Problem description
Return each record word for word, keeping none of its pictures.

Items from a dataset
Start of Block

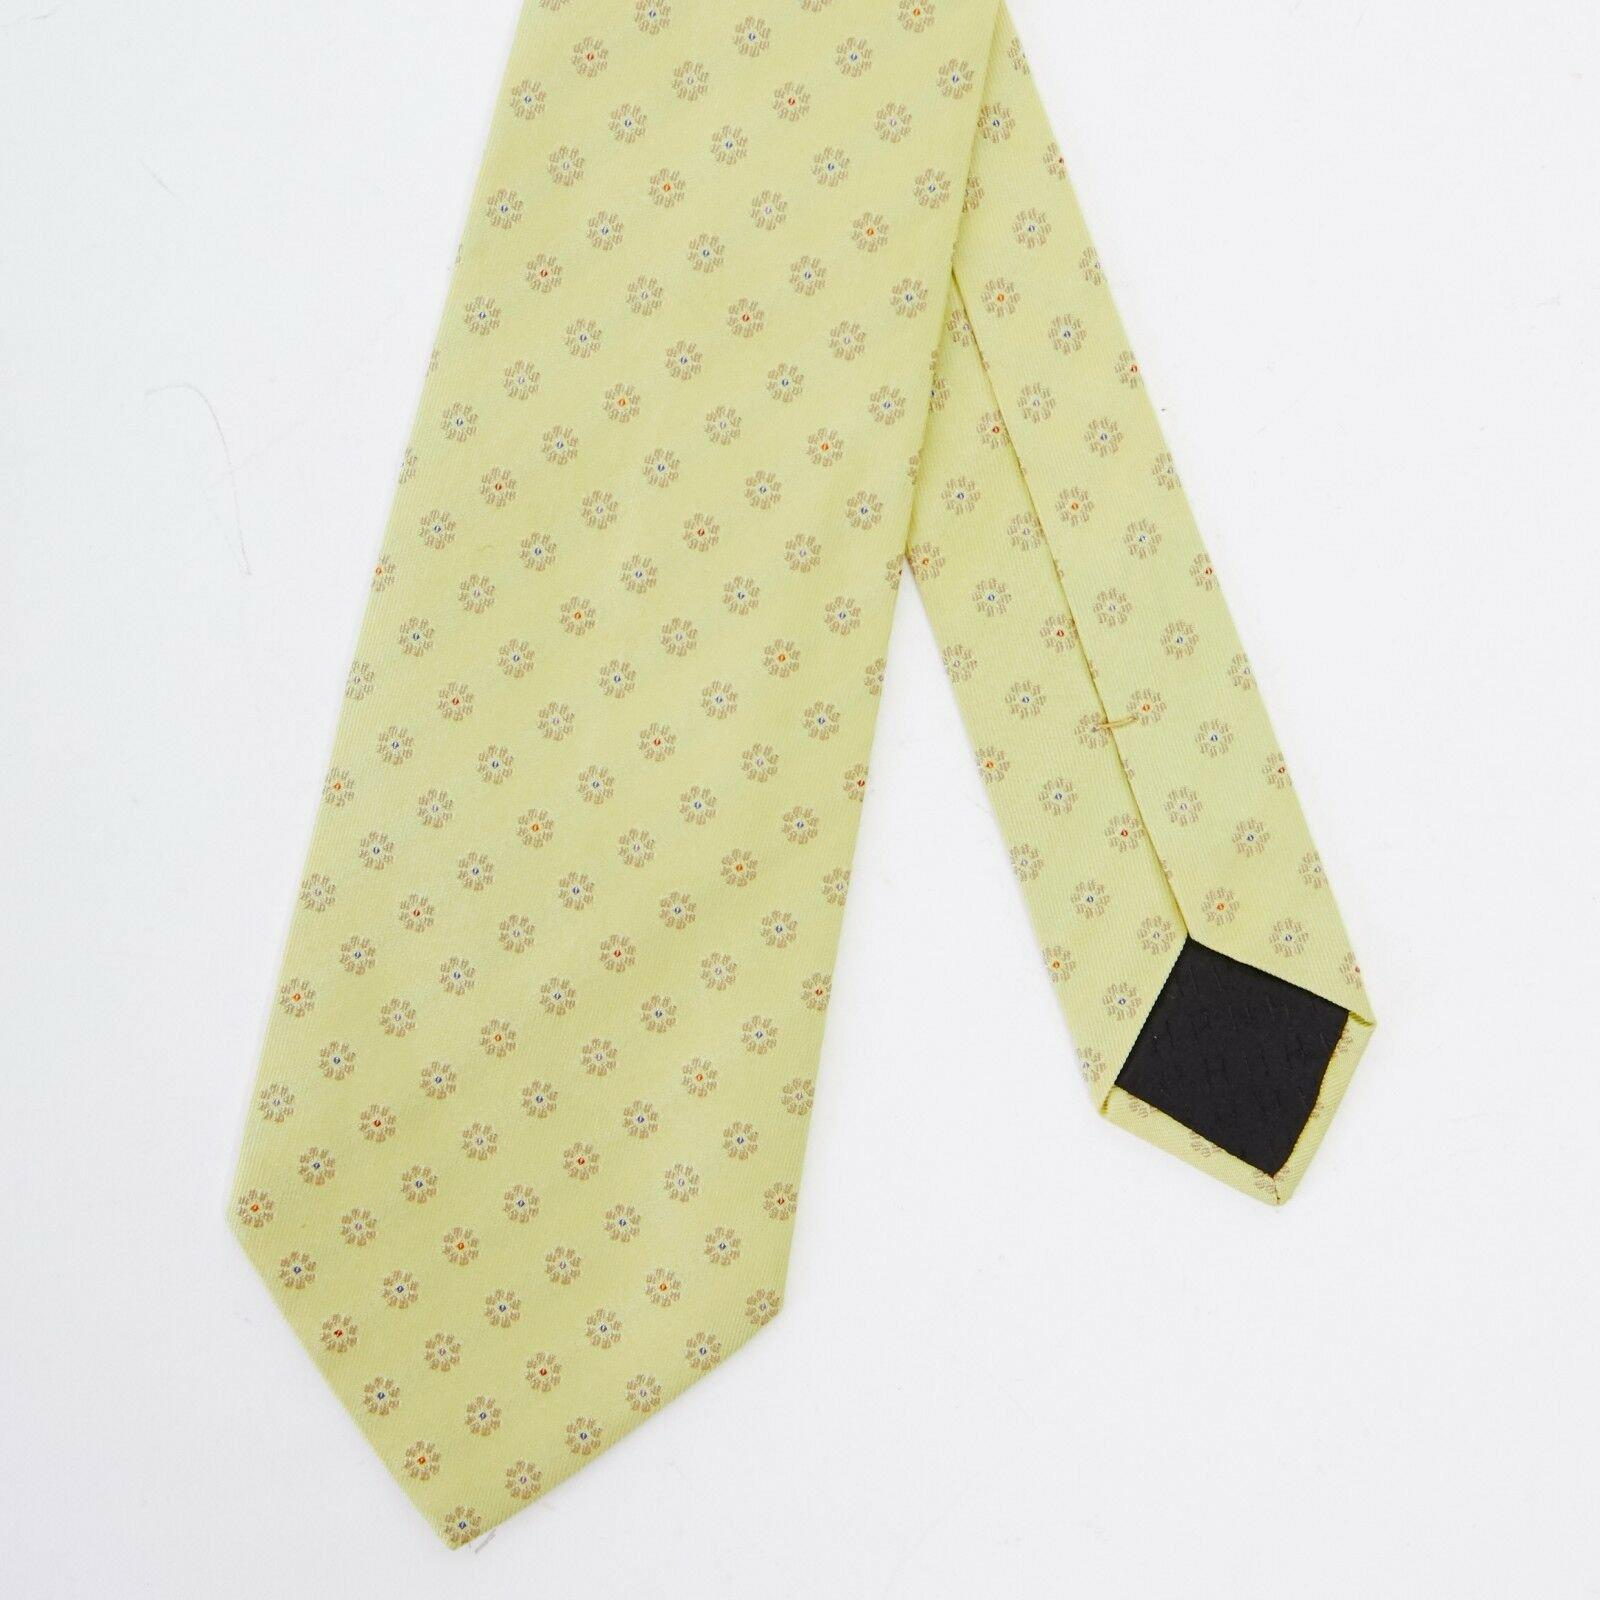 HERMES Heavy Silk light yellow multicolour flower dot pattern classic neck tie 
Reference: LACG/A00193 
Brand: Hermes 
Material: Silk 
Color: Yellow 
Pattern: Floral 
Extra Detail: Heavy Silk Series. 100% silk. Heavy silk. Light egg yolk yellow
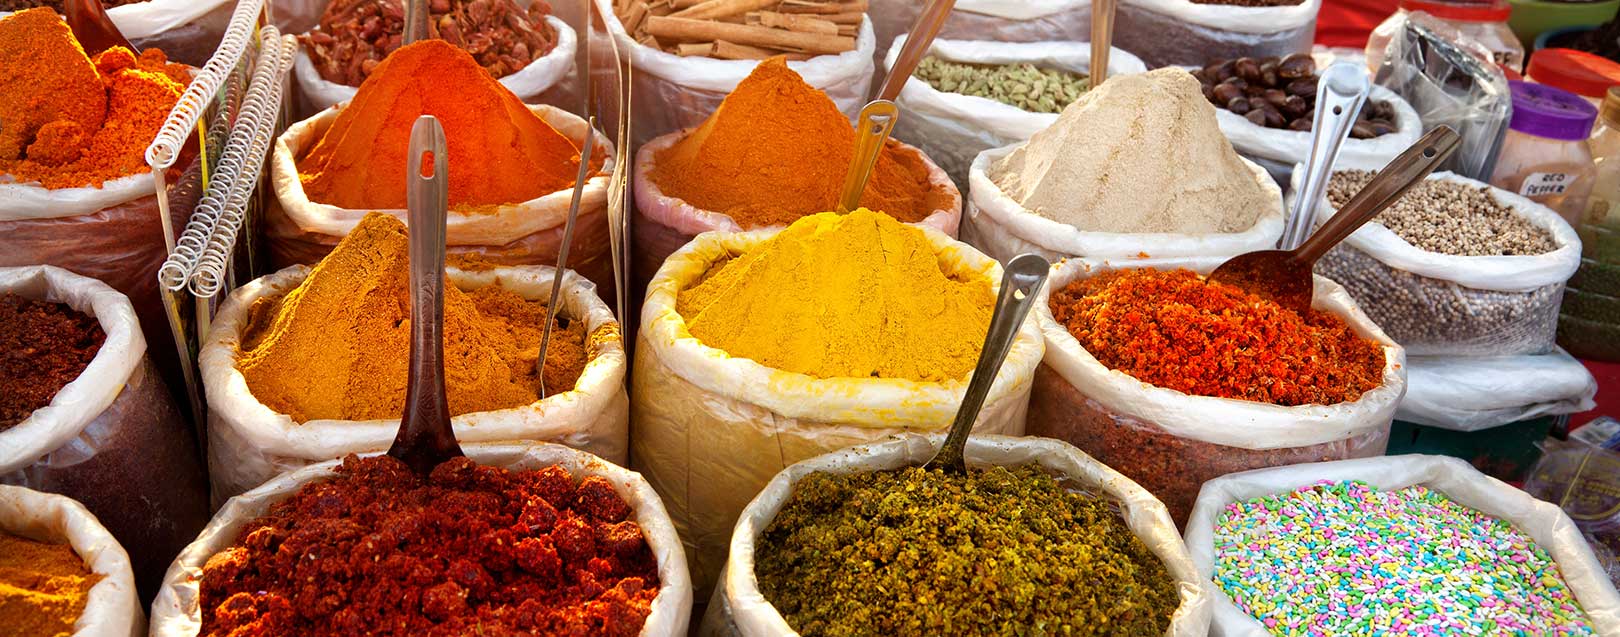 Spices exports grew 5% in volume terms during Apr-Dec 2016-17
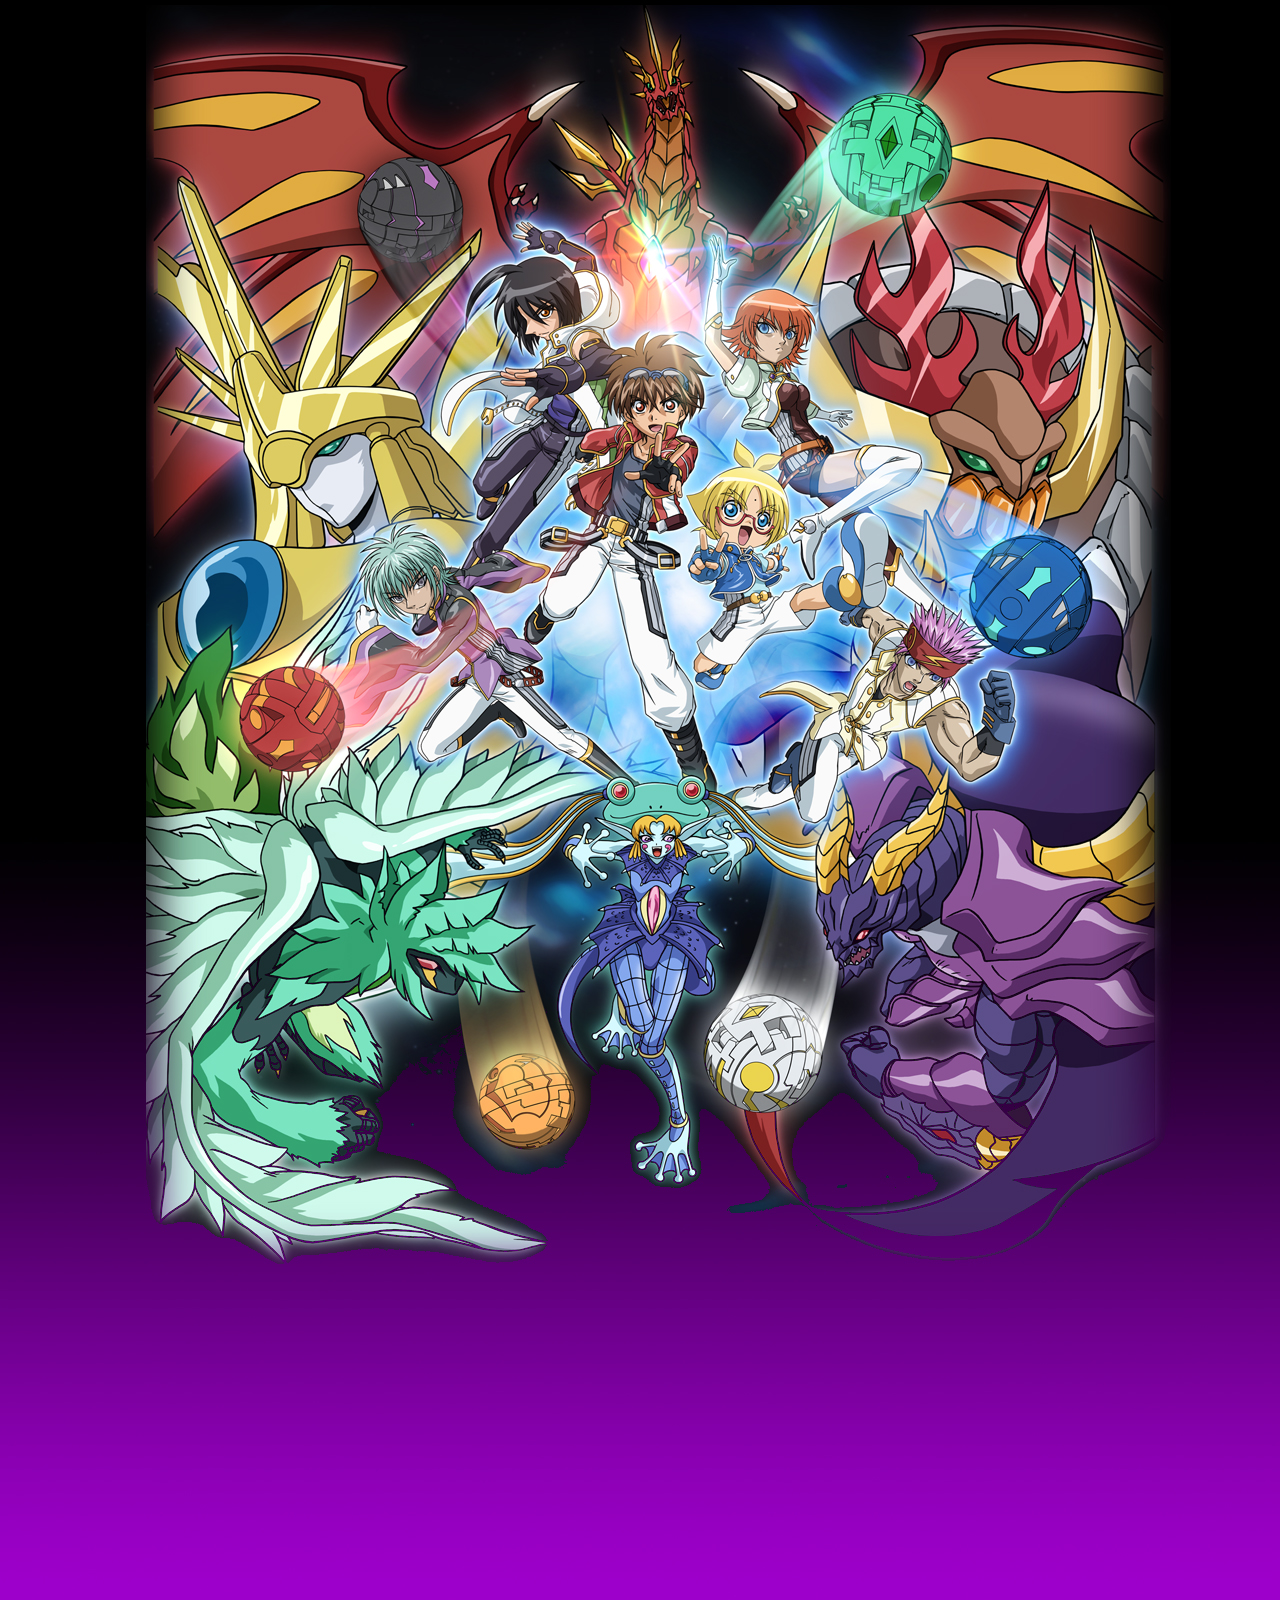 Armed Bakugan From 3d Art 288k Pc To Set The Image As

End of Block

Expected answer
 HERMES Heavy Silk light yellow multicolour flower dot pattern classic neck tie 
Reference: LACG/A00193 
Brand: Hermes 
Material: Silk 
Color: Yellow 
Pattern: Floral 
Extra Detail: Heavy Silk Series. 100% silk. Heavy silk. Light egg yolk yellow
 Spices exports grew 5% in volume terms during Apr-Dec 2016-17
 Armed Bakugan From 3d Art 288k Pc To Set The Image As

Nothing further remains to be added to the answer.